**Supplied information:**
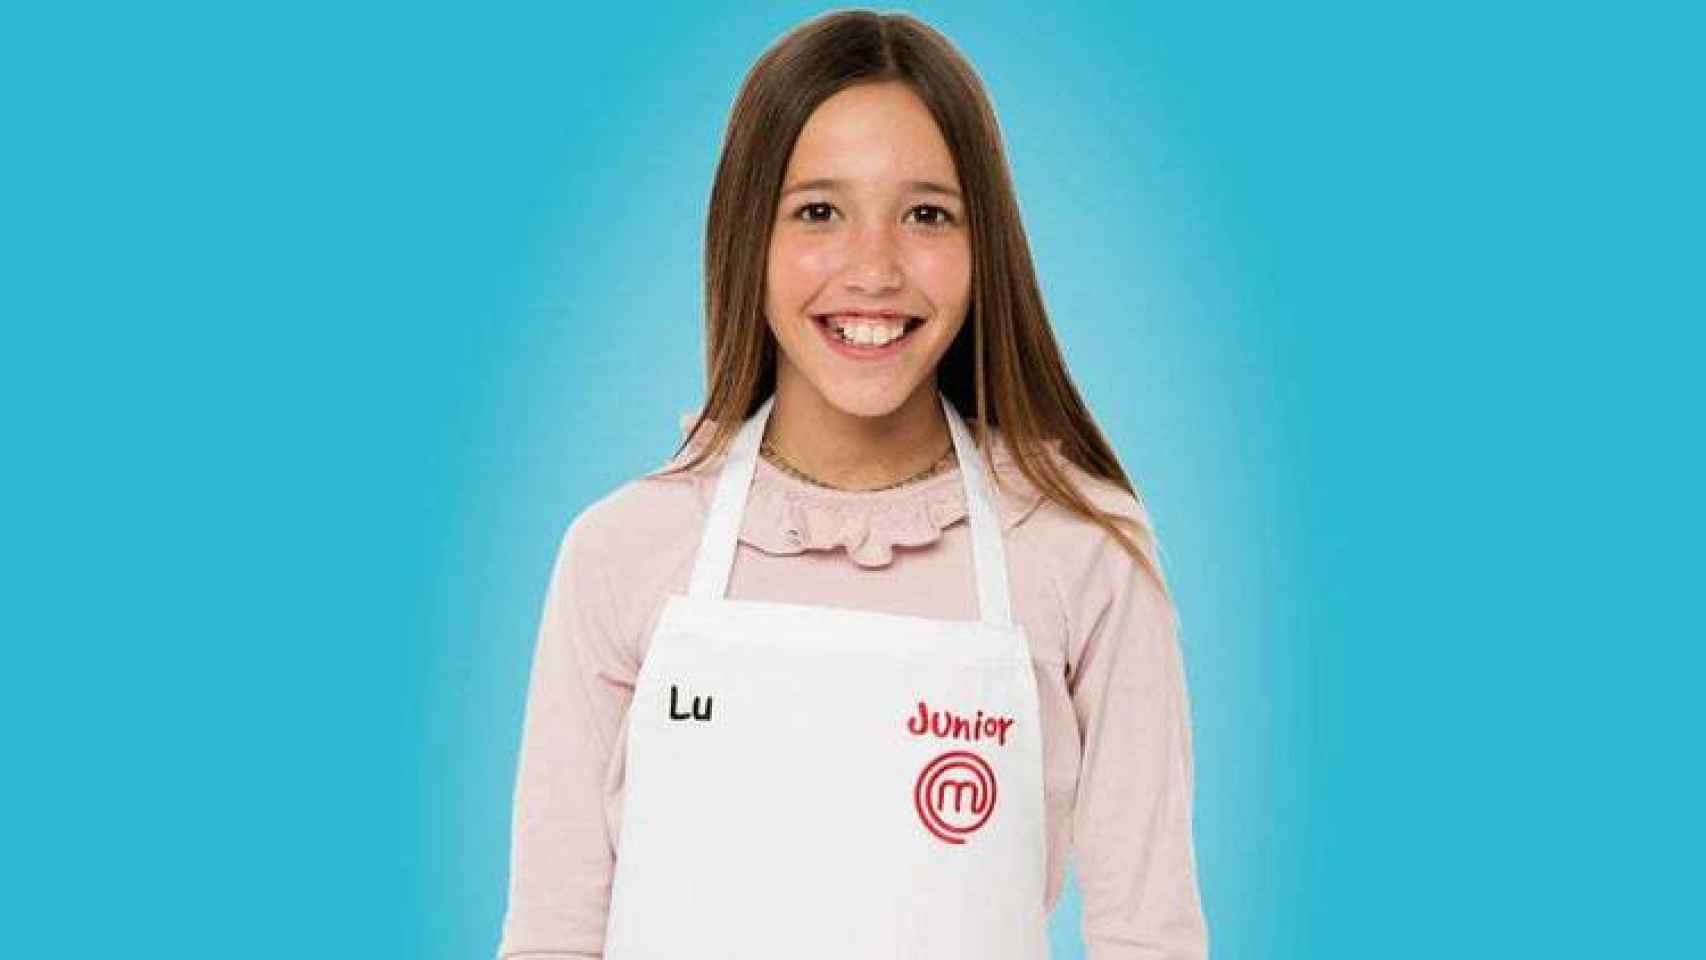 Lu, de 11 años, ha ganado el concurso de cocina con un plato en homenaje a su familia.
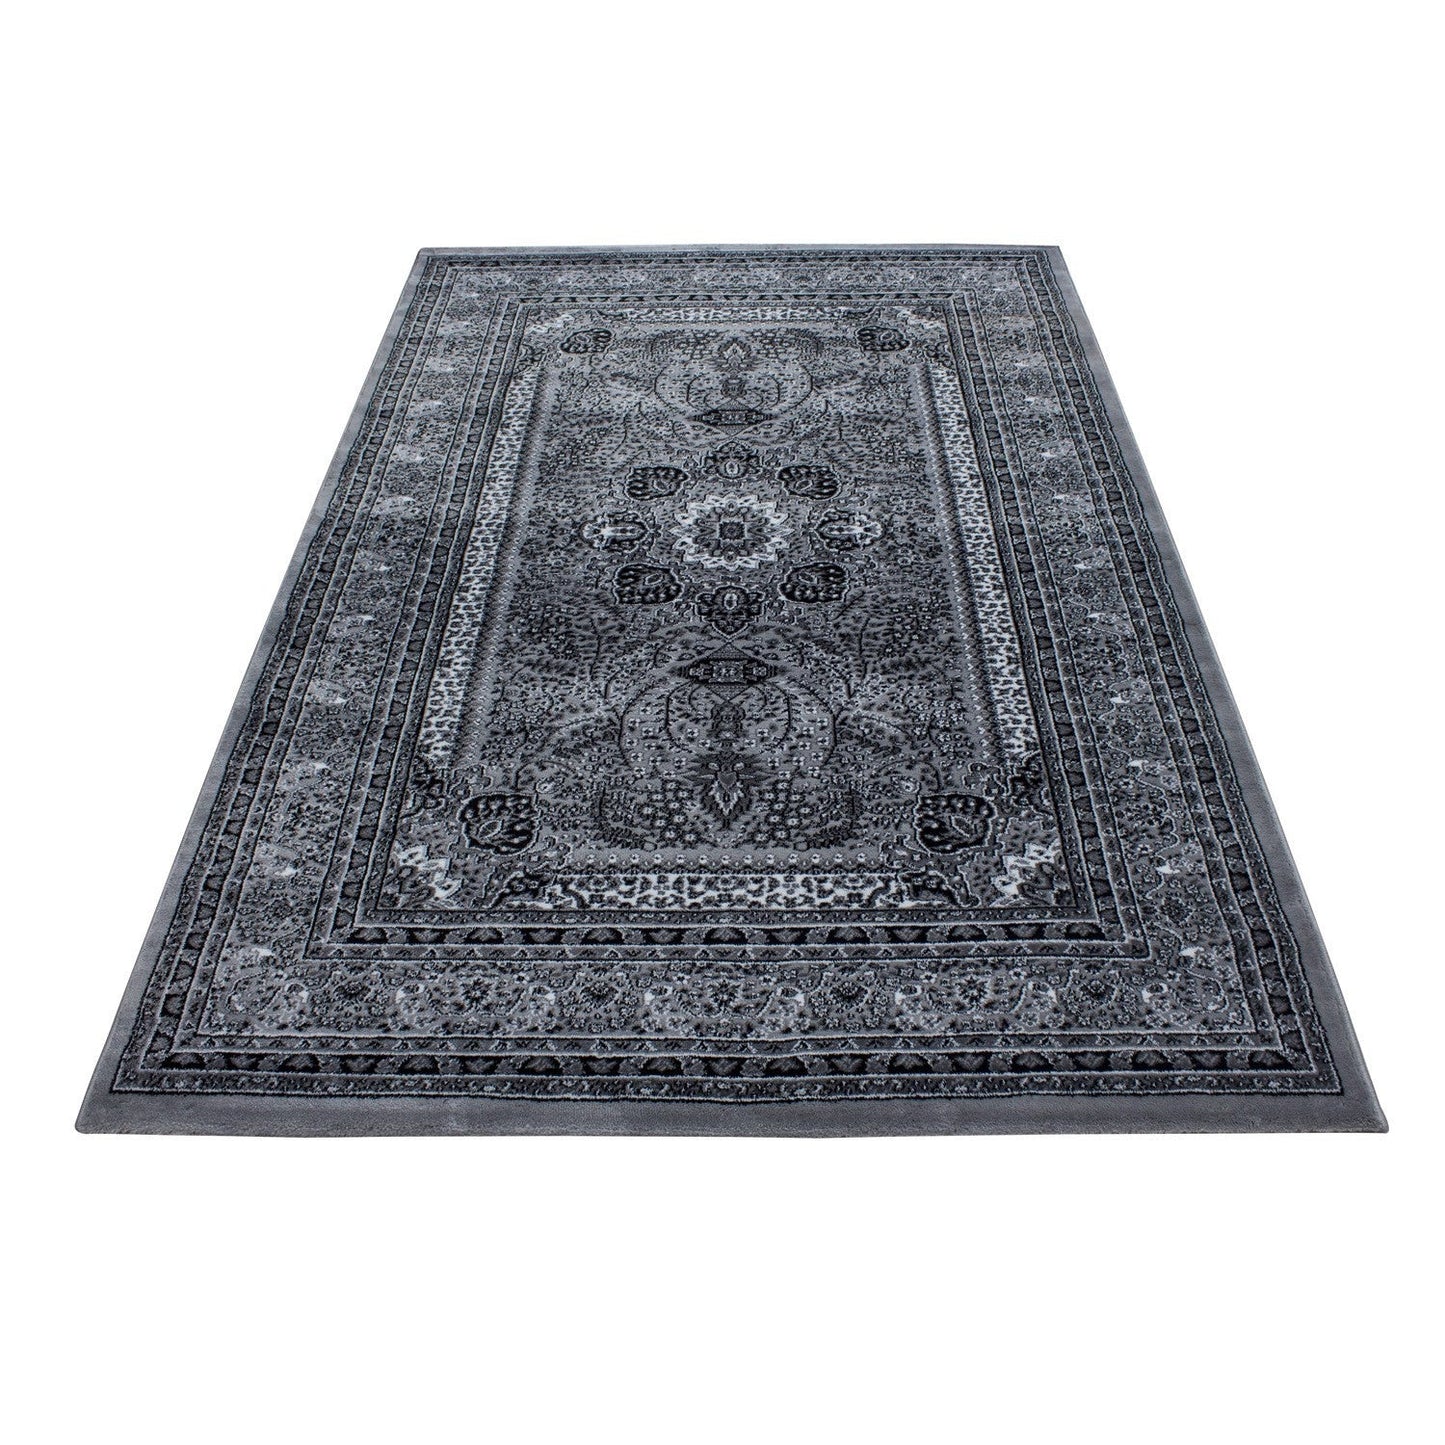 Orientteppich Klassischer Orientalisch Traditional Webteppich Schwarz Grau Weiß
* * *
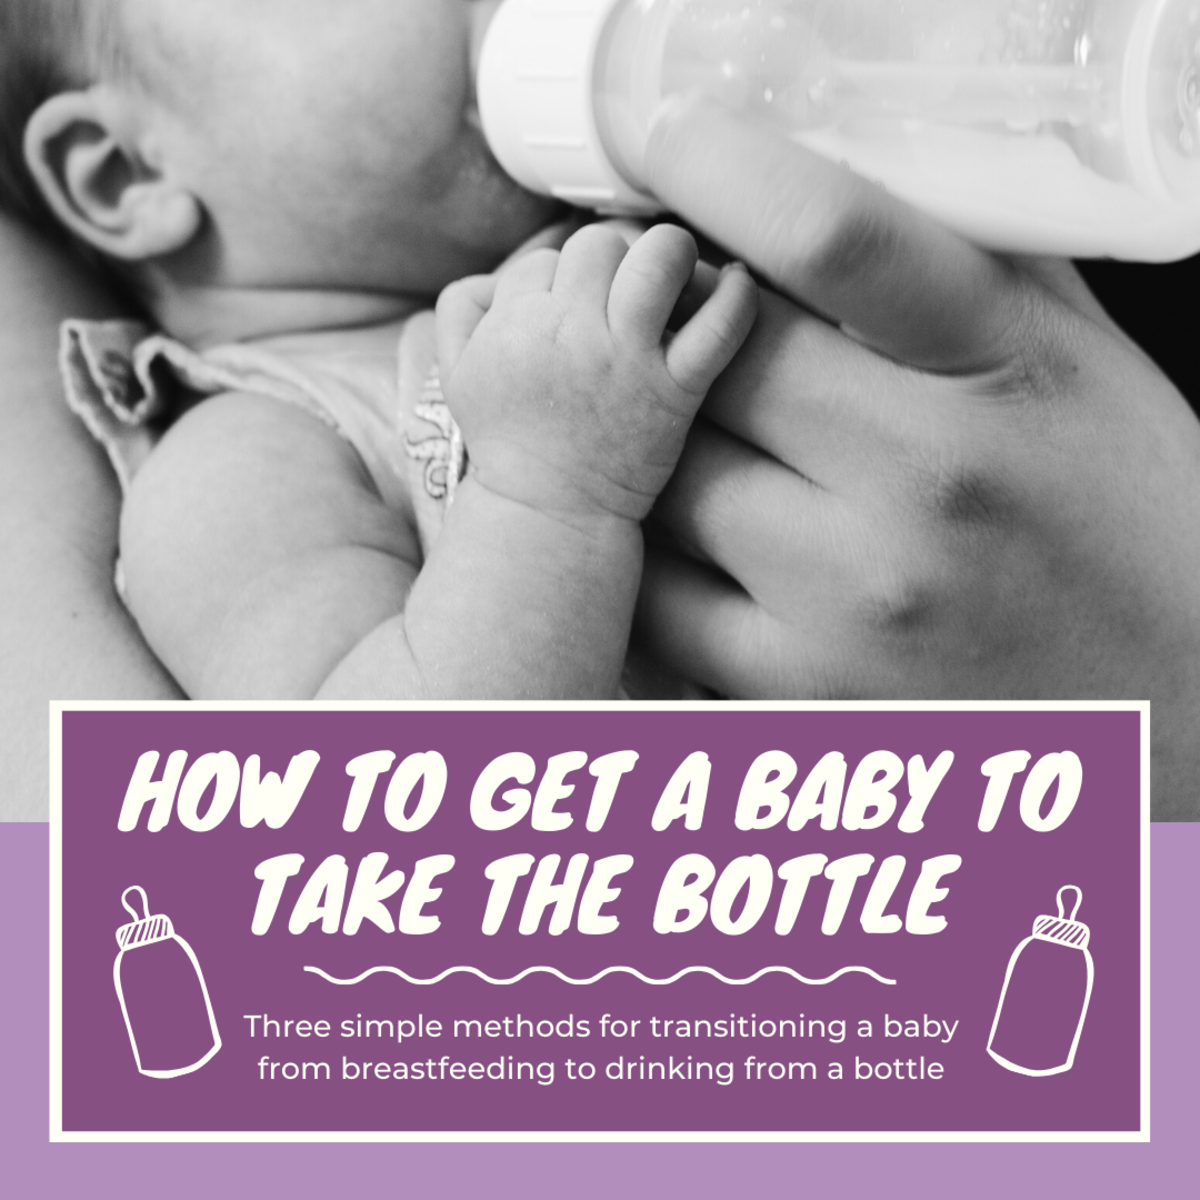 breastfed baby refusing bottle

**Task details:**
Using the data above, retype exactly and only the lines from the one containing "Lu, de 11 años, ha" up to and including the one containing "Orientteppich Klassischer Orientalisch", with no pictures carried over.

**Final answer:**
 Lu, de 11 años, ha ganado el concurso de cocina con un plato en homenaje a su familia.
 Orientteppich Klassischer Orientalisch Traditional Webteppich Schwarz Grau Weiß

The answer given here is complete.